¿Cómo nos duele el dolor? ¿De cuántas formas y con qué matices? Hace unos días la editorial Atrasalante, en coedición con la Universidad Autónoma de Sinaloa, publicó “Espejo de doble filo, Antología binacional de poesía sobre la violencia Colombia-México”. Es una antología devastadora.
La selección corrió a cargo de Iván Trejo, quien hace más de una década pudo ver en Medellín el futuro de la ciudad donde reside: Monterrey. Y tal vez por eso, o precisamente por eso, porque los poetas ven el futuro y tienen una voz privilegiada para hablar del amor y de la rabia, es que Trejo decidió hacer este trabajo de selección. Sesenta poetas de cada país. Sesenta colombianos y sesenta mexicanos.
Sesenta colombianos que inician con Luis Vidales, nacido en 1904, y terminan con Danny Yasid León, nacido en 1990. Reuniendo en un volumen a Álvaro Mutis, José Manuel Arango, Emilia Ayarza, Juan Manuel Roca, Mery Yolanda Sánchez y tantos otros que tal vez usted ya conozca y, si no, sentirá al leerlos que los conoce de toda la vida.
Sesenta mexicanos cuya puerta abre Octavio Paz y, al final, Esther M. García, nacida en 1987, no la cierra: porque por desgracia en este país parece que todo se cierra menos la violencia. Y ahí están, con su voz y con su grito, Jaime Sabines y Rosario Castellanos, Gabriel Zaid y Carmen Boullosa, José Emilio Pacheco y Cristina Rivera Garza, Javier Sicilia y María Rivera. Sesenta mexicanos. Ciento veinte en total.
No puedo decir que yo haya tenido la suerte de escribir el epílogo de la antología, pero sí el privilegio.
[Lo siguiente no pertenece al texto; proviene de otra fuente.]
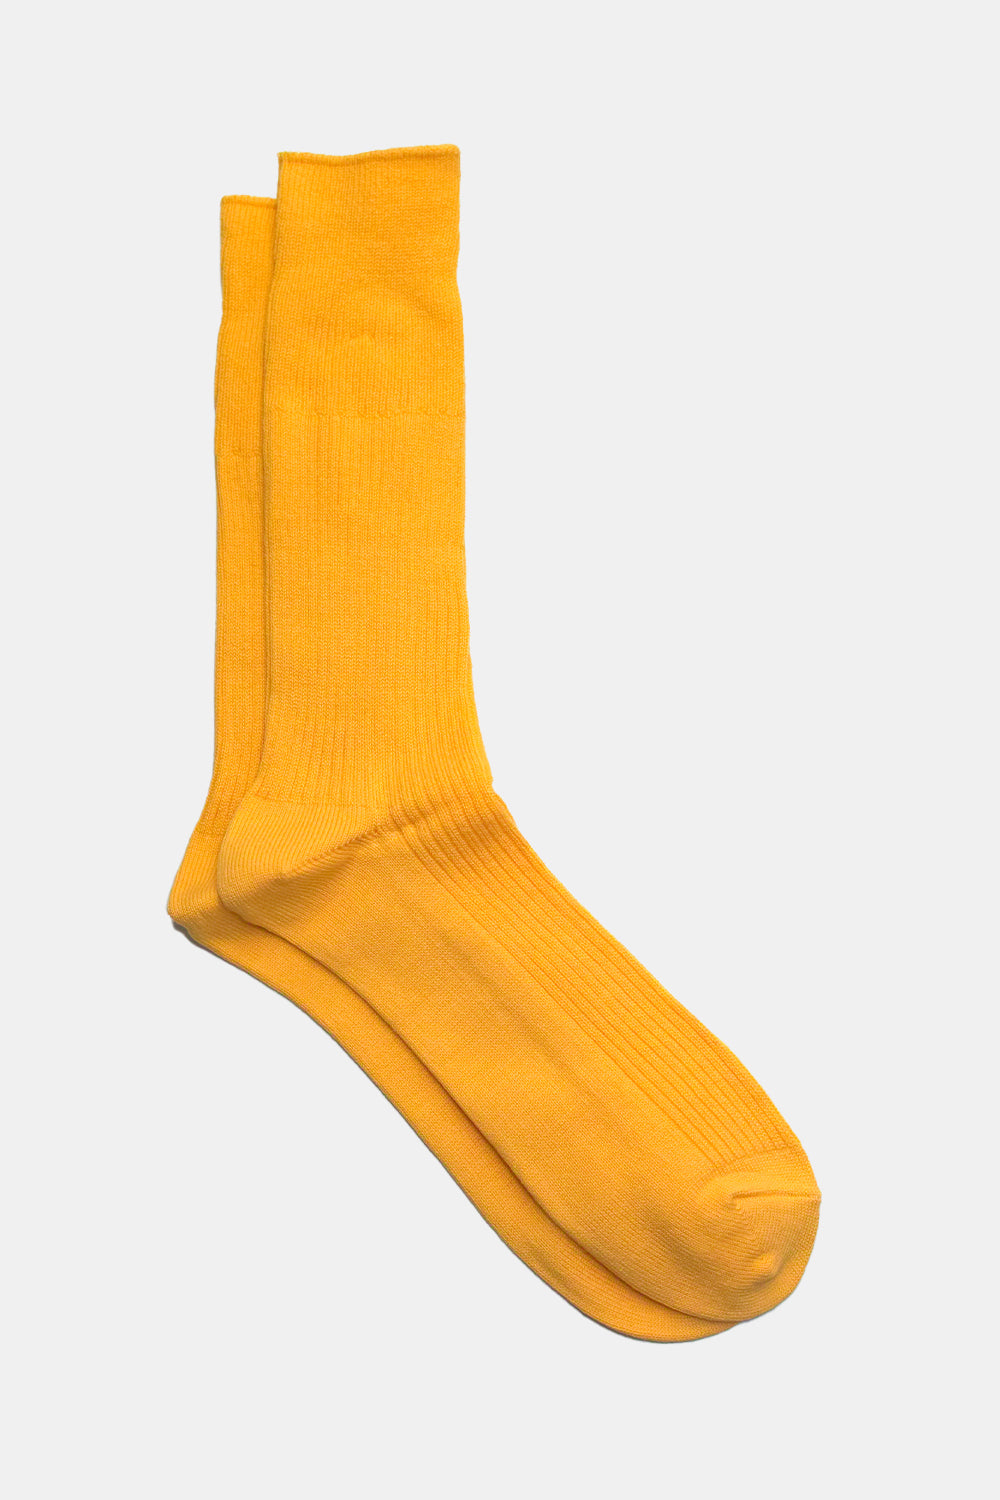 Anonymous Ism Brilliant Crew Socks (Yellow)
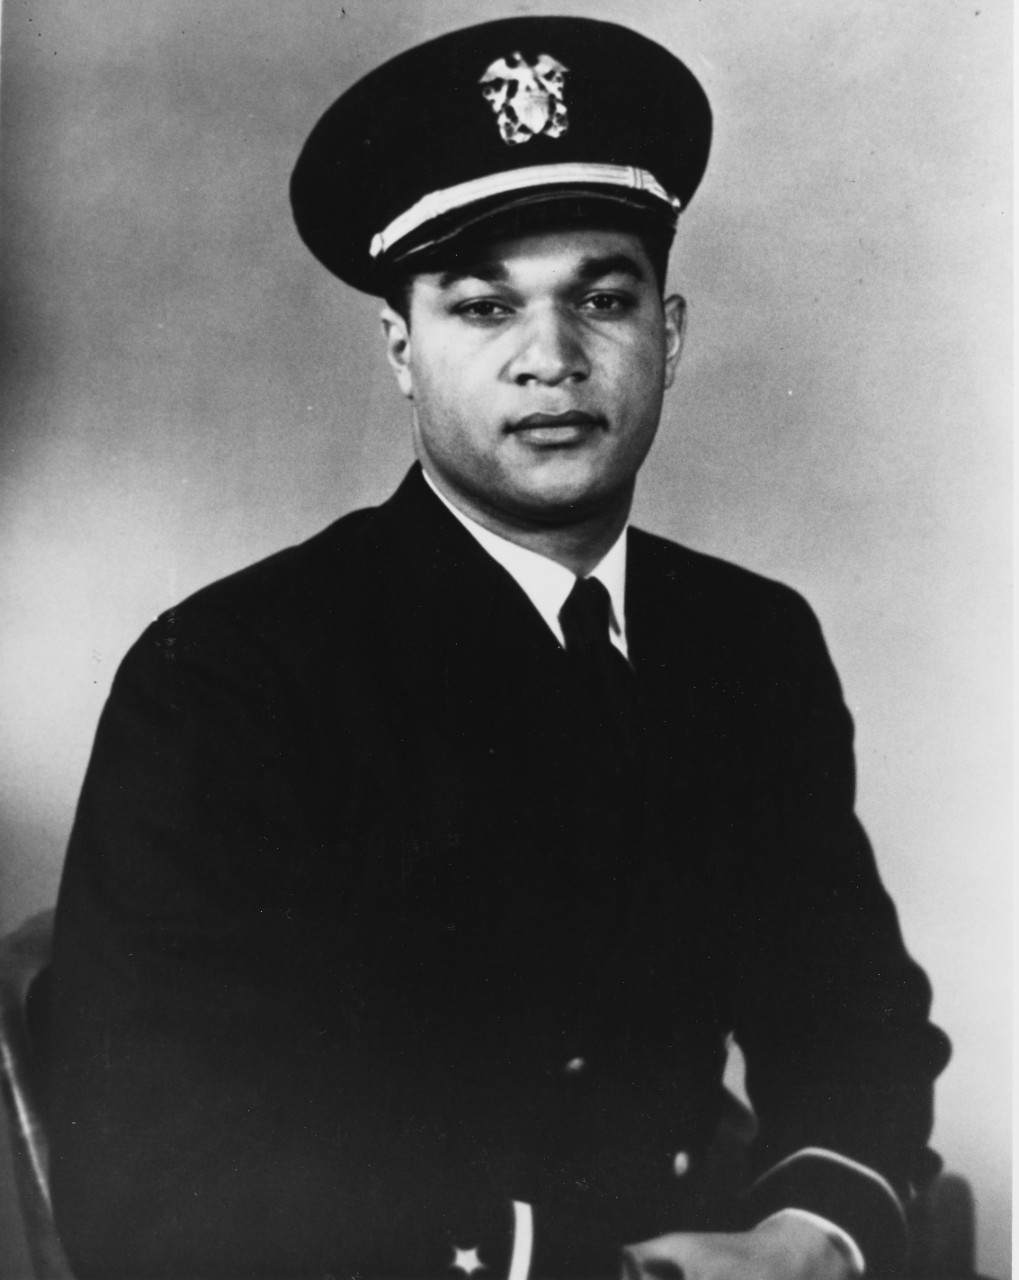 Ensign Frank E. Sublett, USNR

Porque este es un libro que deberíamos de tener todos al alcance de la mano si queremos empezar a reconstruir nuestro corazón.
No digo más, dejo un fragmento del texto que escribí, a posta, como una invitación a su lectura:
“Al final quedan las preguntas, las ventanas: los límites de esta casa que somos, de nuestro hogar disfuncional, nuestros cien años de violencia. Ojalá fuera de otra manera. Ojalá no fuéramos mexicanos ni colombianos cuando la casa se torna pesadilla, ¿pero qué país del mundo no ha sido convertido en un campo de exterminio? ¿Francia? ¿Kenia? ¿Canadá? “Recuerda que la paz es una dádiva incierta que te concede la guerra”, escribió Raúl Henao y nuestra memoria –por ilusa, por soberbia- persiste en olvidarlo. “Aquí no pasa”, decimos. “Ésta es la cuna de la civilización”, vitoreamos. Hasta que la rabia vuelve con unas y otras formas, cada vez más claras, más ingeniosas y científicas, de pronunciar el terror. Entonces afirmamos que la poesía sirve para nada, después de Auschwitz, después de un hijo asesinado. Y nuestra afirmación es honesta, pues hemos presenciado el fin de la civilización en un instante, hemos sido testigos del fin de la humanidad, de todos los sentimientos que creíamos caros y en valía, en el momento justo en que alguien igual a uno mismo tomaba una arma y daba muerte a alguien igual a uno mismo. Fin de las certezas adquiridas: porque es imposible aprender a priori, porque cada vida segada nos duele diferente. Peor, todavía, porque al tratar de escribir sobre la violencia las palabras se quedan cortas, sentimos, se declaran incapaces de transmitir, de limpiar las heridas, de curarnos. Y, sin embargo, declaramos el fin con las palabras, escribimos un poema para hacerlo.
Porque somos humanos.
Y esperanza.
Porque cada que escribimos fin también escribimos esperanza. Y tendemos una mano para tocar otra mano. Y nuestro corazón herido se abre para tocar otro corazón herido. Ciento veinte corazones, ciento veinte que llaman a la mesa a otros tantos, a sus padres, hermanos, hijos, vecinos, tíos, y tomaríamos vino si tomáramos vino, nomás por lo que evoca, nomás por lo que nos han dicho que confiere de sagrado, pero tomamos tequila y tomamos aguardiente, porque somos colombianos y mexicanos, y vertemos un chorrito al piso para convocar a las ánimas, para que vengan nuestros fantasmas y beban con nosotros.”